The rocket barrage turned life on this side of the Green Line into a nightmare. Then the second Lebanon war of summer 2006 put the north of Israel under rocket fire from Hizbullah. Many Israelis felt that their country was shrinking, and only the area around Tel Aviv remained relatively safe from rockets.

This has far-reaching implications for any peace process. Israel evacuated south Lebanon and Gaza, and both were turned into launching pads for rockets. A West Bank withdrawal could put all of Israel's populated areas within rocket range. It would make life in Israel unbearable. So, as long as there is no credible response to the rockets - either through a reliable security force to prevent their launch, or technology to intercept them in the air - any territorial change appears unreasonable.

As the rockets kept flowing and Hamas kept arming, pressure was mounting on the Israeli government to invade. But Ehud Olmert, the prime minister, and Ehud Barak, his defence minister, have been reluctant. Time for hesitation is running out, however, as more and more Israelis are falling within hitting range. Olmert has to choose.

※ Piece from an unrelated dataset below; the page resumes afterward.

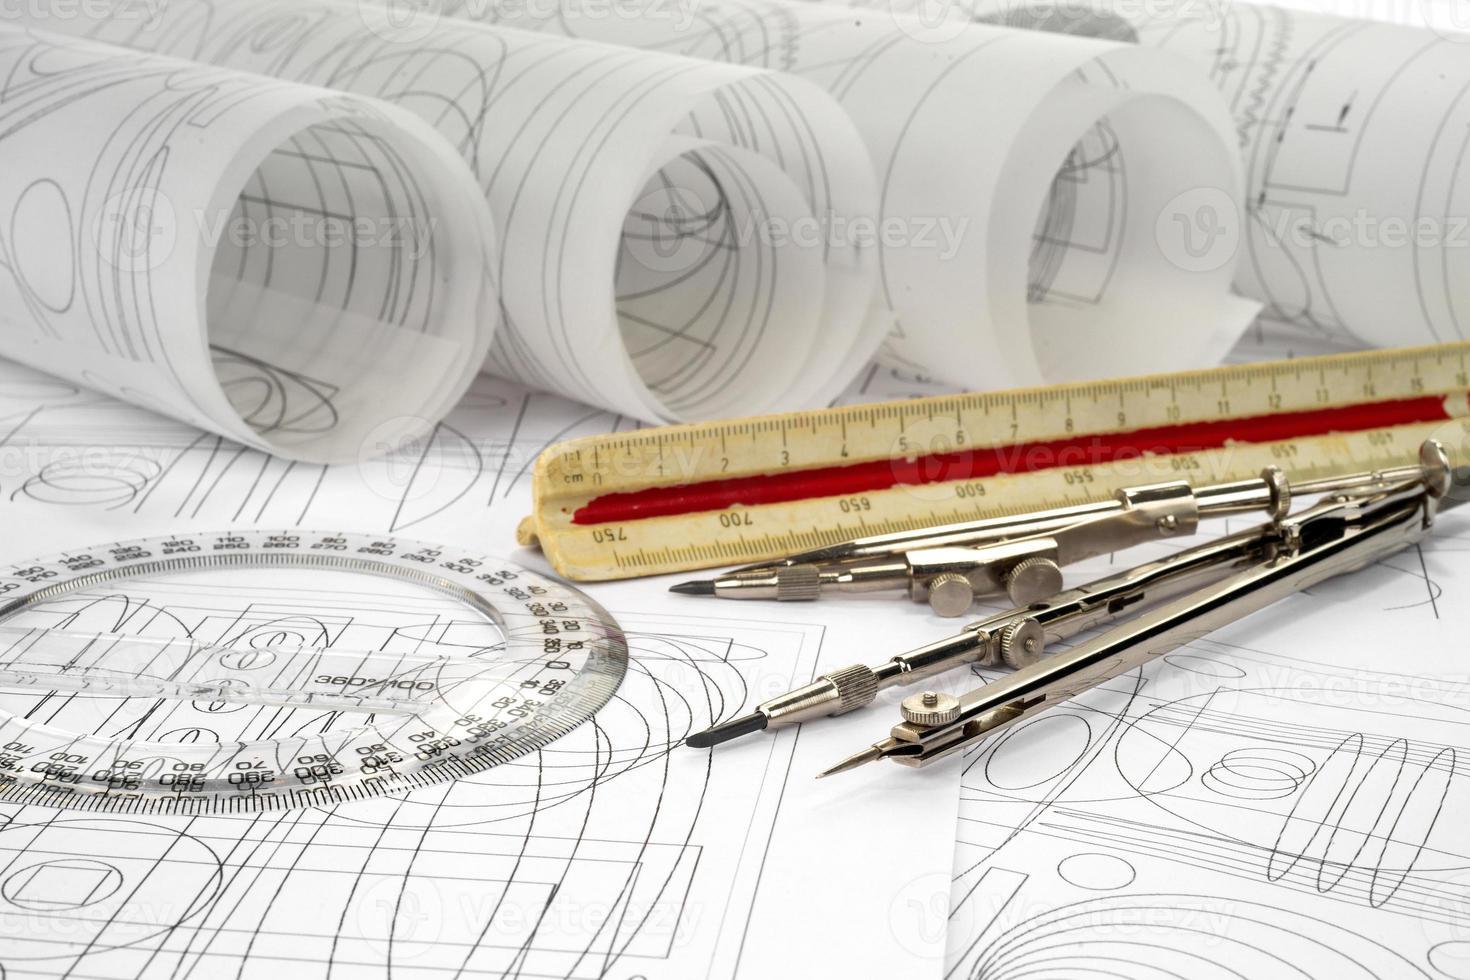 dibujos y herramientas de dibujo foto

He can try to negotiate a ceasefire with Hamas. In a recent Ha'aretz poll, 64% of Israelis supported talks with Hamas on a ceasefire and prisoner exchange. The arguments for talking to Hamas are compelling: a quiet period may lead the organisation to moderate and politicise itself; Hamas has proved more disciplined than Fatah in respecting ceasefires; and Hamas doesn't ask Israel for a final peace deal - it suffices with a long-term truce - which is safer politically for Olmert. But the government is reluctant to reverse its course, forgo its efforts to isolate and bring down Hamas, and admit its strategic failure and weakness.

Olmert fears that by recognising Hamas, Israel will be practically dismissing the president, Mahmoud Abbas, and what remains of the Palestinian moderate camp. Instead, Israel will have to deal with a rejectionist regime that refuses to recognise the country's legitimacy.

The other option, invade and occupy Gaza, is even riskier. It would entail many casualties among Israeli soldiers and Palestinian civilians, and Israel lacks an exit strategy. Nobody is eager to take responsibility for Gaza, and the prospect of controlling the lives of 1.5 million Palestinians is a nightmare for Israelis.

So Olmert is trying desperately to buy more time with limited military operations, while pledging to keep peace negotiations going with Abbas. Olmert's pledges to end the rocket fire ring hollow. The Israeli media and the public are challenging him to order "the large ground operation". Cabinet ministers suggest bombing the site of rocket attacks even if they are in civilian neighbourhoods. Olmert has to choose between the bad and the worse.

In the Arab-Israeli context, wars happen when governments and organisations feel they must deliver on unfulfilled pledges. That is why further escalation appears inevitable - with far-reaching implications for the Middle East's future.